You will not be surprised to learn, then, that Havelock suffers from falling rolls: fewer than 500 pupils (half of them on the special needs register) on a site built for more than 1,300.

Nor will you will be surprised by the school’s examination results. Last summer, just 6.4 per cent of the pupils got five or more GCSE grades A-C, against a national figure of 42.6 per cent.

Yet this school has just received an exceptionally warm OFSTED report. On the academic yardsticks, the comments were unexceptional: “Pupils make satisfactory progress in the majority of lessons”; “The quality of teaching is generally sound”. Where the inspectors waxed lyrical was on “spiritual, moral, social and cultural development”.

The pupils’ personal development, they said, was one of the school’s great strengths. The school had given “considerable thought and energy to building self esteem”. It had “a clear moral code”. The pupils were confident, courteous and friendly; there was no evidence of bullying; the buildings were free of graffiti and litter.

On a brief visit, my impressions were similar. The OFSTED conclusion, then, was that, despite the poor exam results, Havelock is giving good value for money.

The school is only a mile or so from Strand Junior, which also received a good report and then got abysmal test results, leading OFSTED’s critics to suggest that the inspectors didn’t know their nether regions from their elbows. Perhaps there is something in the Grimsby air that causes inspectors to be generous.
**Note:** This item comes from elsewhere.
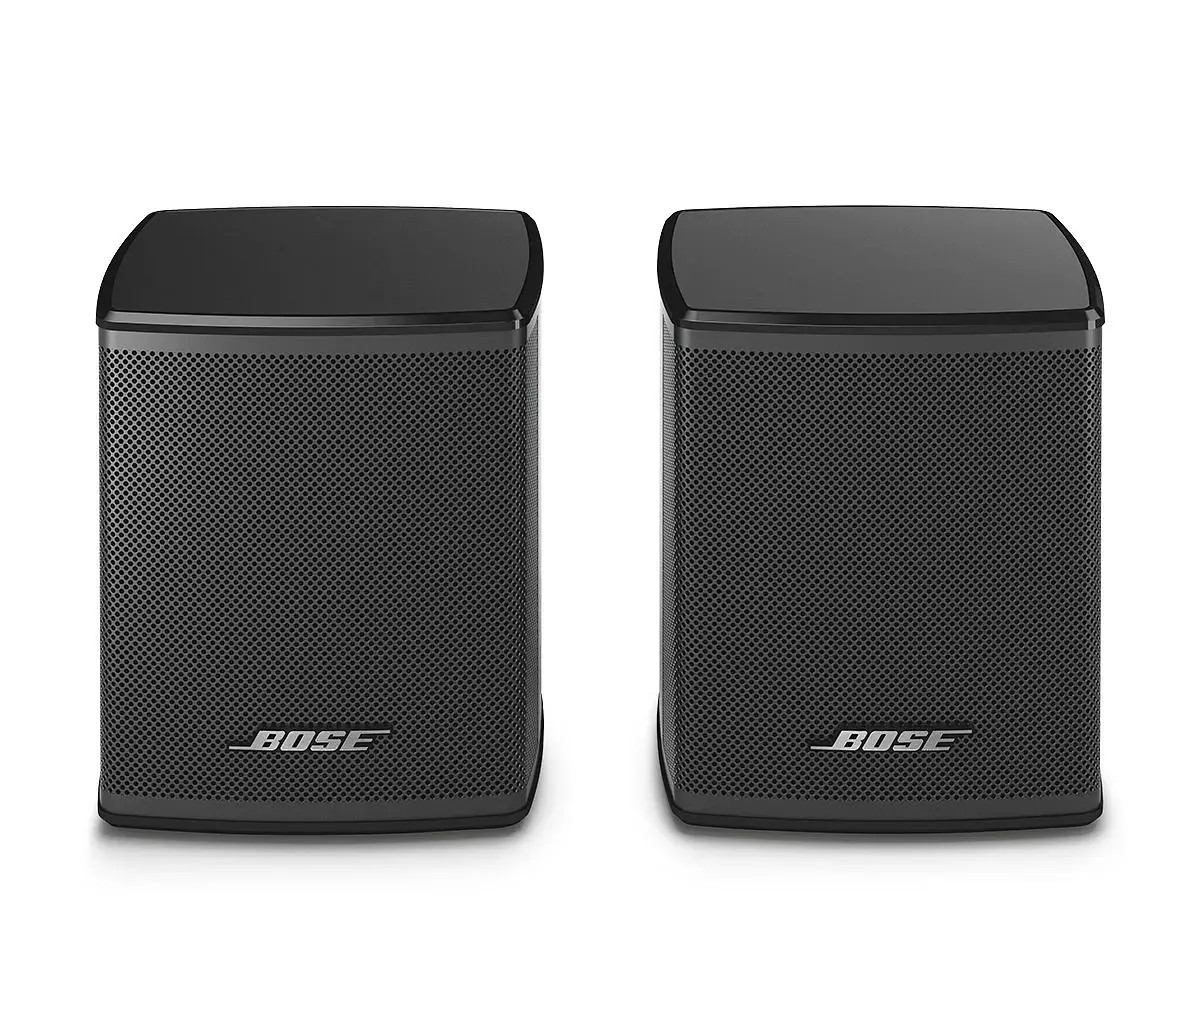 product - Loa vòm Bose Surround Speakers

But the real secret, I suspect, is that the head, Howard Horsley, boxed clever. Almost everything was against him. His funding takes little account of his sprawling premises or the high numbers of special needs pupils. He competes against nearby schools with sixth forms. He takes many pupils who are expelled from other schools. He gets minimal support from the local authority, which was, apparently, toying with the idea of closing the school down before OFSTED could get to it. Mr Blunkett, due to visit a couple of years ago, found it suddenly inconvenient when it emerged that his arrival might coincide with the publication of league tables putting the school near the bottom.

Instead of despairing over the school’s academic record and trotting out excuses, Mr Horsley wrote his own agenda. “OFSTED is an evidence-based system,” he told me. “Clearly, they weren’t going to come in and write wonderful things about our results or attendance rates. Therefore, we had to convince them of other things.”
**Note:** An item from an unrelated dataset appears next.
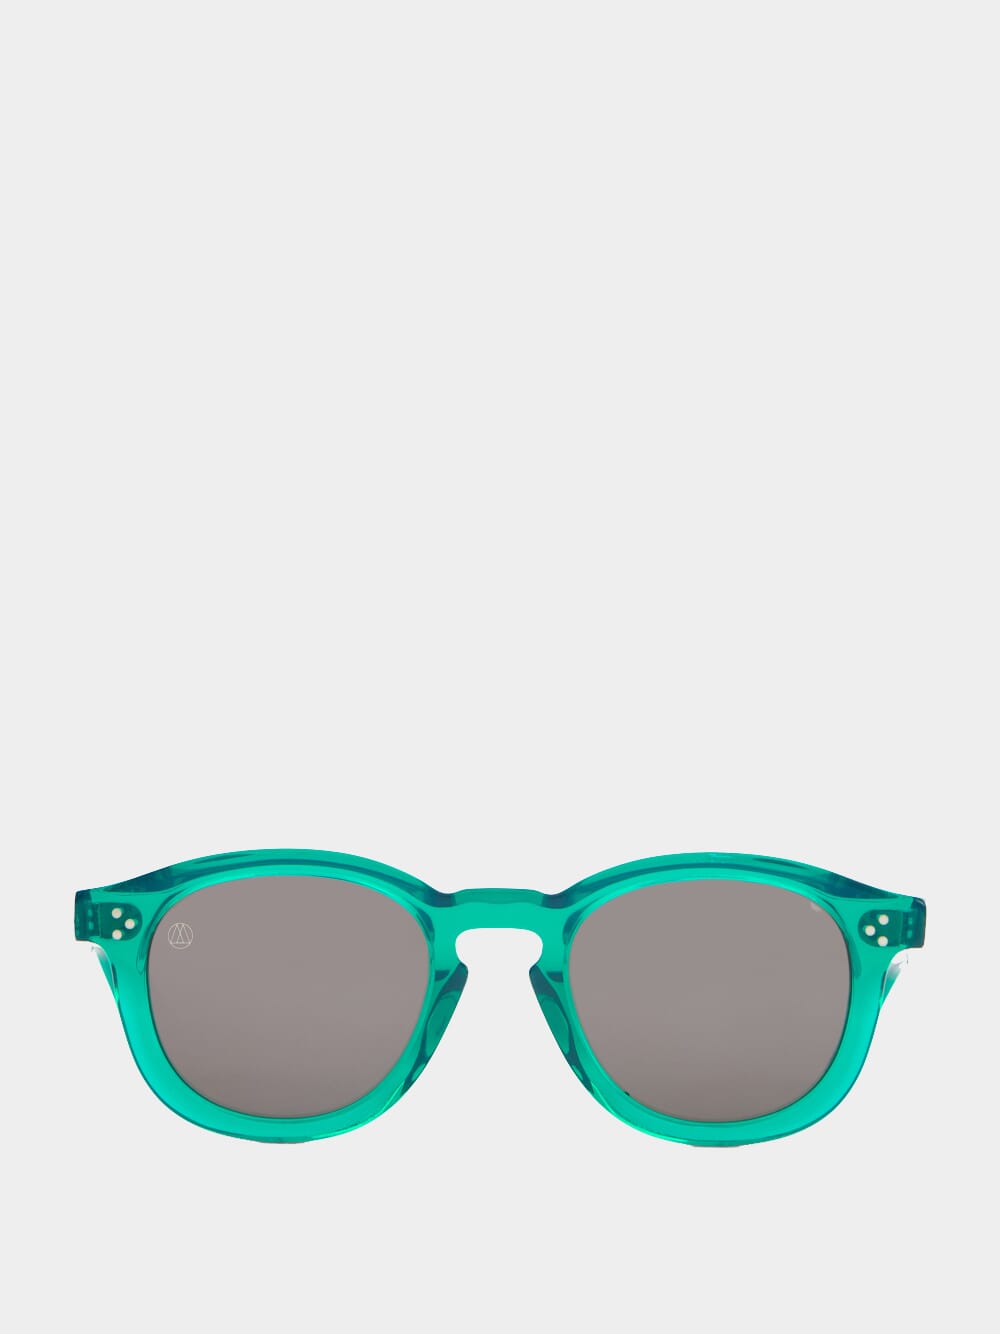 Ombra Giada Sunglasses

He built up a dossier of complimentary letters from people who had dealt with the school - employers praising pupils who had been on work experience, for example. He told the inspectors that one of the school’s aims was to steer pupils away from a lifetime of crime. He put forward the unfashionable view that, when children misbehave, teachers should try to understand why. He argues that schools like his should try to create attitudes to learning that will encourage pupils to return to education in later life.

“Personality and character develop in the teenage years,” he said, “and thereafter change very little. Qualifications are things you can make up later.” He even dared to say: “Most children who leave school are over-qualified for the jobs they get; the idea that they’re under skilled is a fallacy.”

I’m not sure that I go all the way with Mr Horsley: he relies on the long run to prove him right and, in the long run, to adapt Keynes, we’ve all taken early retirement.

In any case, I’m deeply suspicious of teachers who talk about moulding personality and character. But I’m glad that the OFSTED system is still flexible and humane enough to give credit to heads like him, struggling again the odds to set his staff and pupils positive and realistic targets. And I fear that B platoon, when it goes storming in with its own improvement targets, may, rather like the Americans in Vietnam, upset some delicate ecology.

Yes, I would like to see more than 6.4 per cent of Havelock’s pupils getting higher-grade GCSEs. (And so, I’m sure, would Mr Horsley.) I would also like to see more of their parents getting jobs, living in decent housing, acquiring cars (or at least access to good public transport), earning enough money so that their children don’t have to claim free school meals. Plenty of scope for improvement targets there, I think.

Anybody thinking of sending another platoon to that part of the jungle?